In the annual tax symposium held by PricewaterhouseCoopers Middle East in Kuwait, senior tax officials and analysts, as well as specialized experts from PricewaterhouseCoopers exchanged insights on the rapidly changing and evolving tax landscape in Kuwait and the Middle East in light of regional and global developments.

The symposium, titled “Back to Work – Exploring the Changing Tax and Commercial Landscape in the State of Kuwait”, which was held on 8 February 2023 at the Grand Hyatt, also discussed tax challenges, tax agreements (zakat) and the national labor support tax, with a focus on family businesses, transfer pricing, the second pillar, and the financial and legal aspects of international reporting standards.
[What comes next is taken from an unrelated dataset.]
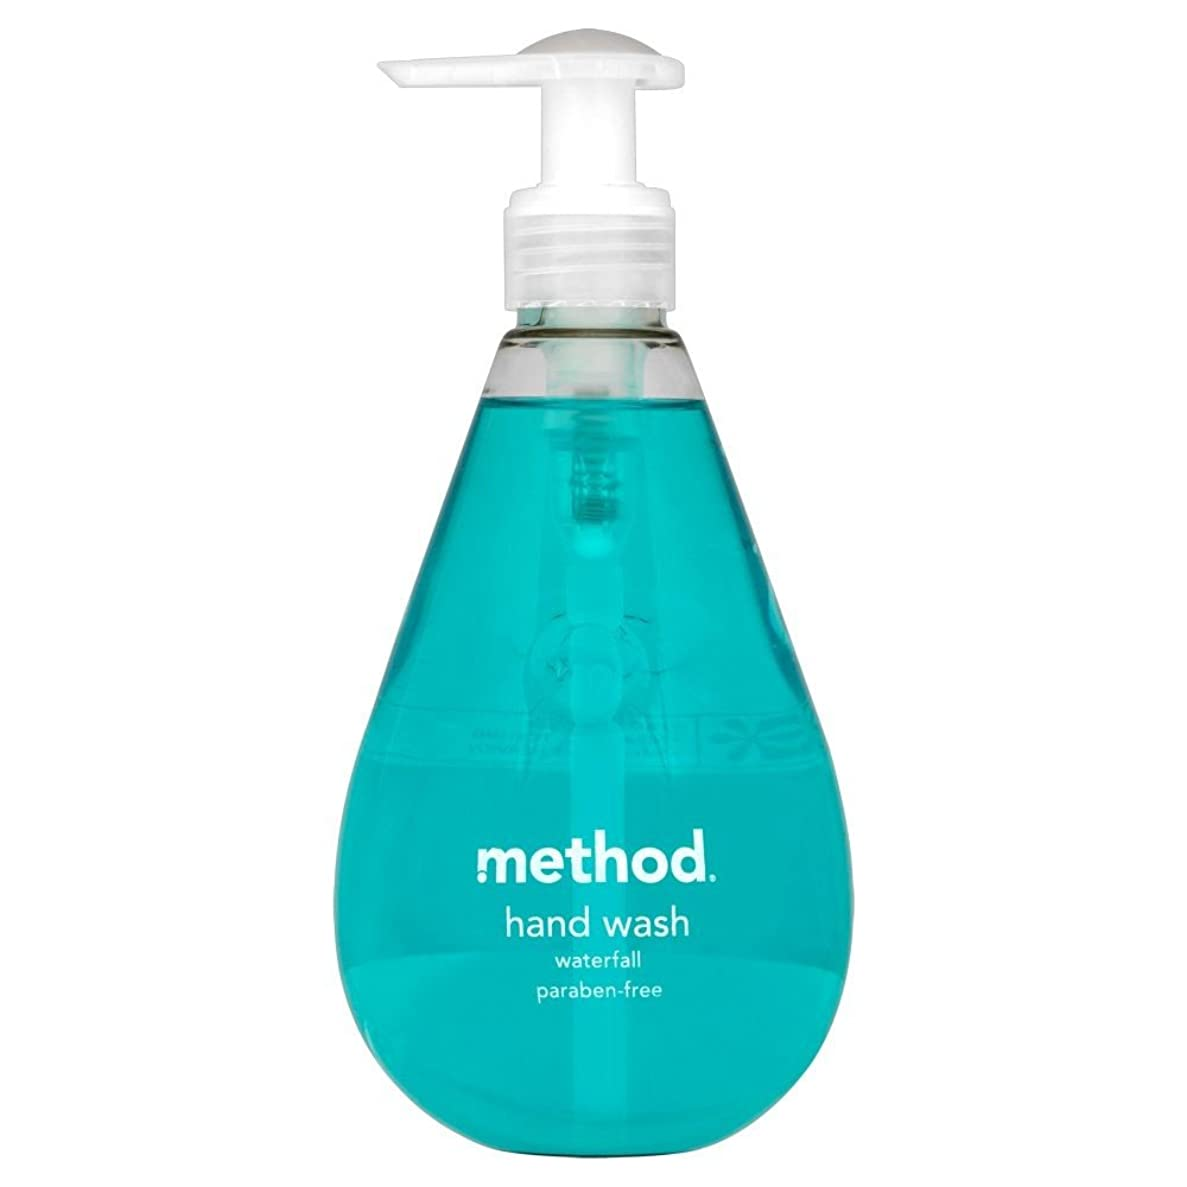 称賛病気だと思う故障Method Hand Wash Waterfall (354ml) メソッドのハンドウォッシュ滝( 354ミリリットル) [並行輸入品]

As reported by Al Qabas, the partner and head of the tax sector at Pricewaterhouse, Sherif Shawqi, explained that the aim of the conference is to keep abreast of the developments taking place in the outside world in the field of tax application. Shawqi also pointed out that there are many laws introduced by the World Trade Organization, as well as those that are applied in neighboring countries, such as the Emirates, and various developments have appeared in the field of tax application in the countries of the GCC. He added that in Kuwait, tax-related laws are not developed enough to keep pace with what is happening outside it in the world of taxation, which leads to some difficulties in the application, especially since many Kuwaiti companies have projects and businesses outside the country, which necessitates keeping pace with tax-imposing applications to avoid problems or obstacles in other countries.

Moreover, the conference covers the legal aspects of imposing taxes and international developments with regard to taxes, and the second pillar of the WTO, as well as highlighting the tax challenges and problems faced by companies.